**Provided material**:
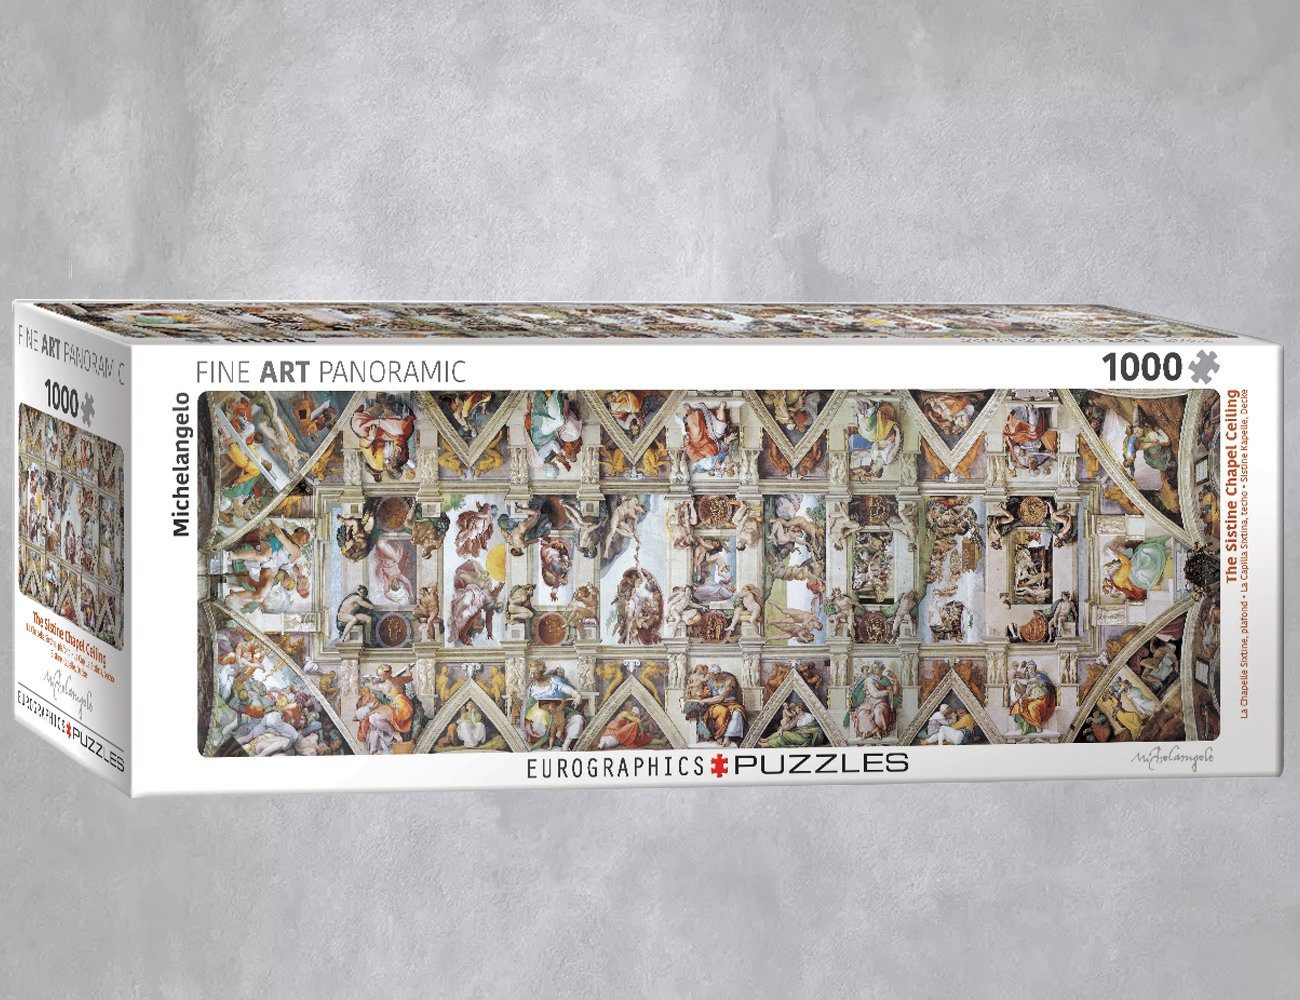 empireposter Puzzle Michelangelo - Sixtinischen Kapelle - 1000 Teile Panorama Puzzle - Format 96x32 cm, 1000 Puzzleteile
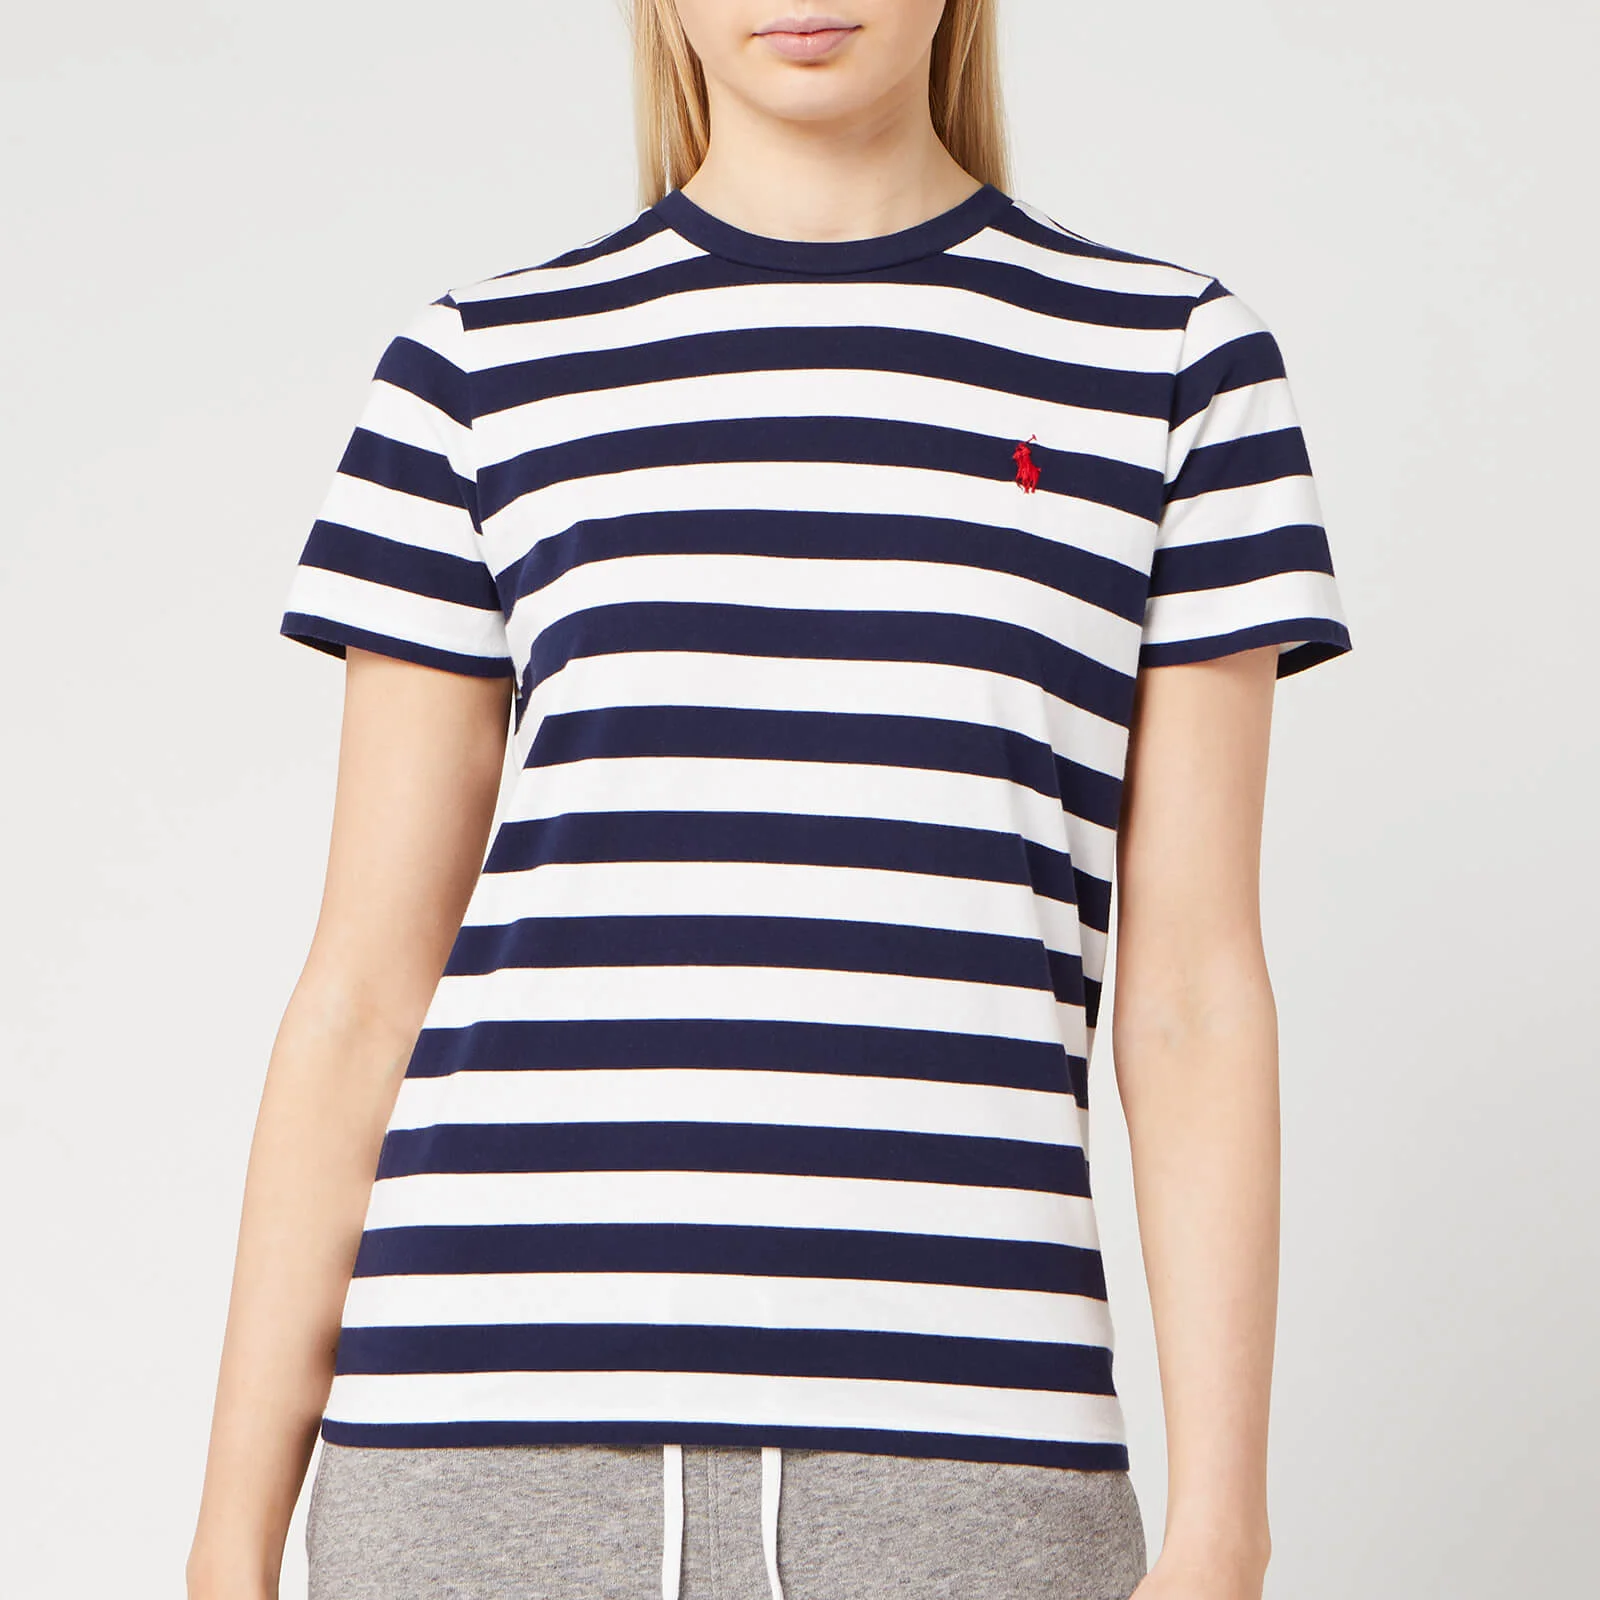 Polo Ralph Lauren Women's Stripe T-Shirt - Cruise Navy/White Image 1
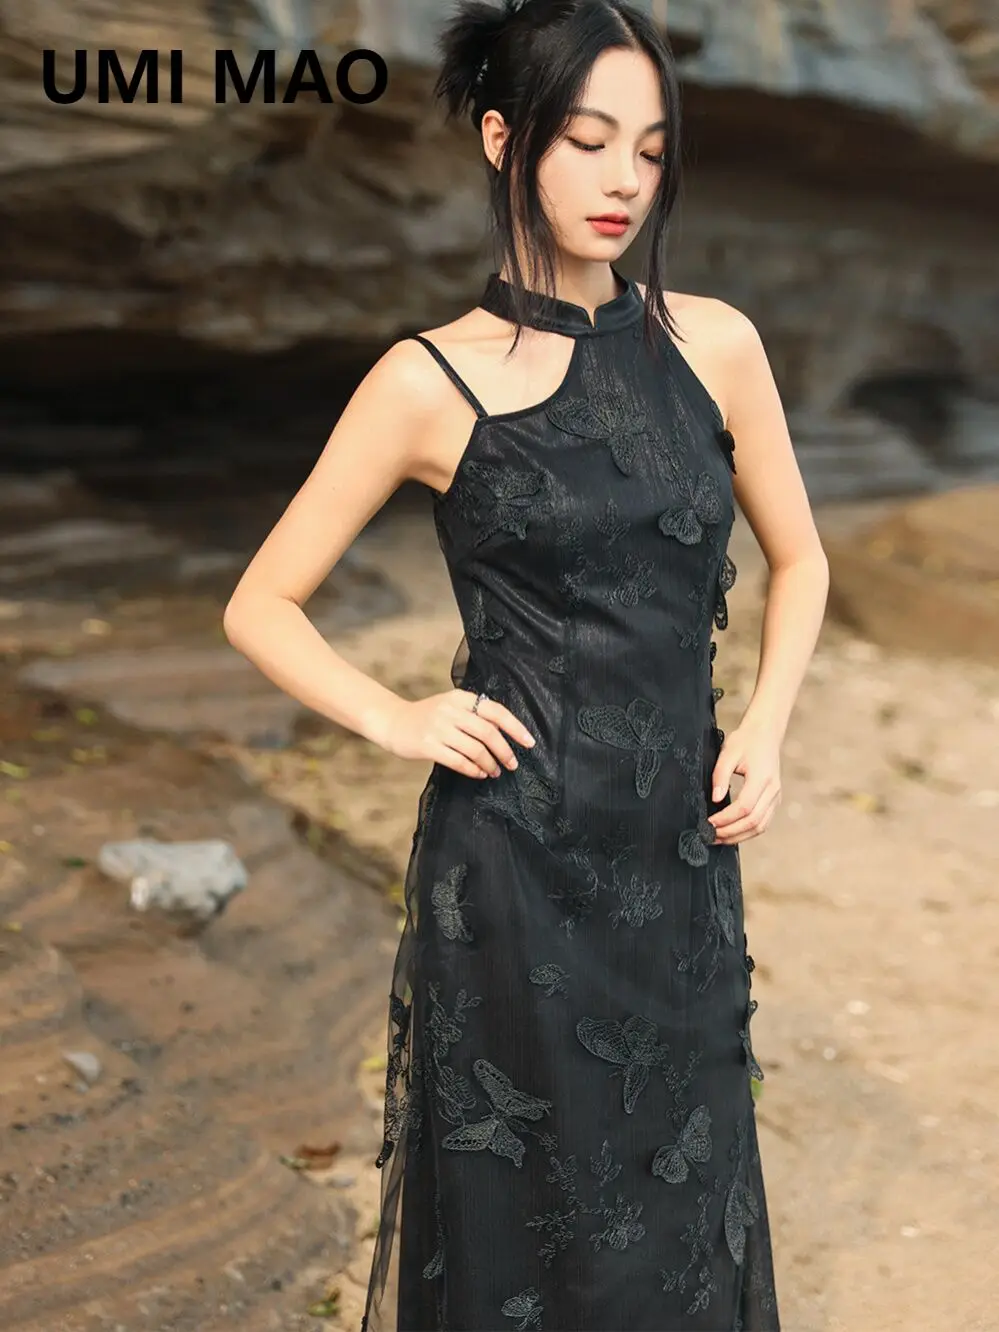 

UMI MAO Cheongsam Dress Elegant For Women's Summer New Chinese Style Black Waistband Three-dimensional Butterfly Long Dresses

**Your instructions**: Repeat the data exactly, dropping every picture it holds.

**Response**:
 empireposter Puzzle Michelangelo - Sixtinischen Kapelle - 1000 Teile Panorama Puzzle - Format 96x32 cm, 1000 Puzzleteile
 Polo Ralph Lauren Women's Stripe T-Shirt - Cruise Navy/White Image 1

UMI MAO Cheongsam Dress Elegant For Women's Summer New Chinese Style Black Waistband Three-dimensional Butterfly Long Dresses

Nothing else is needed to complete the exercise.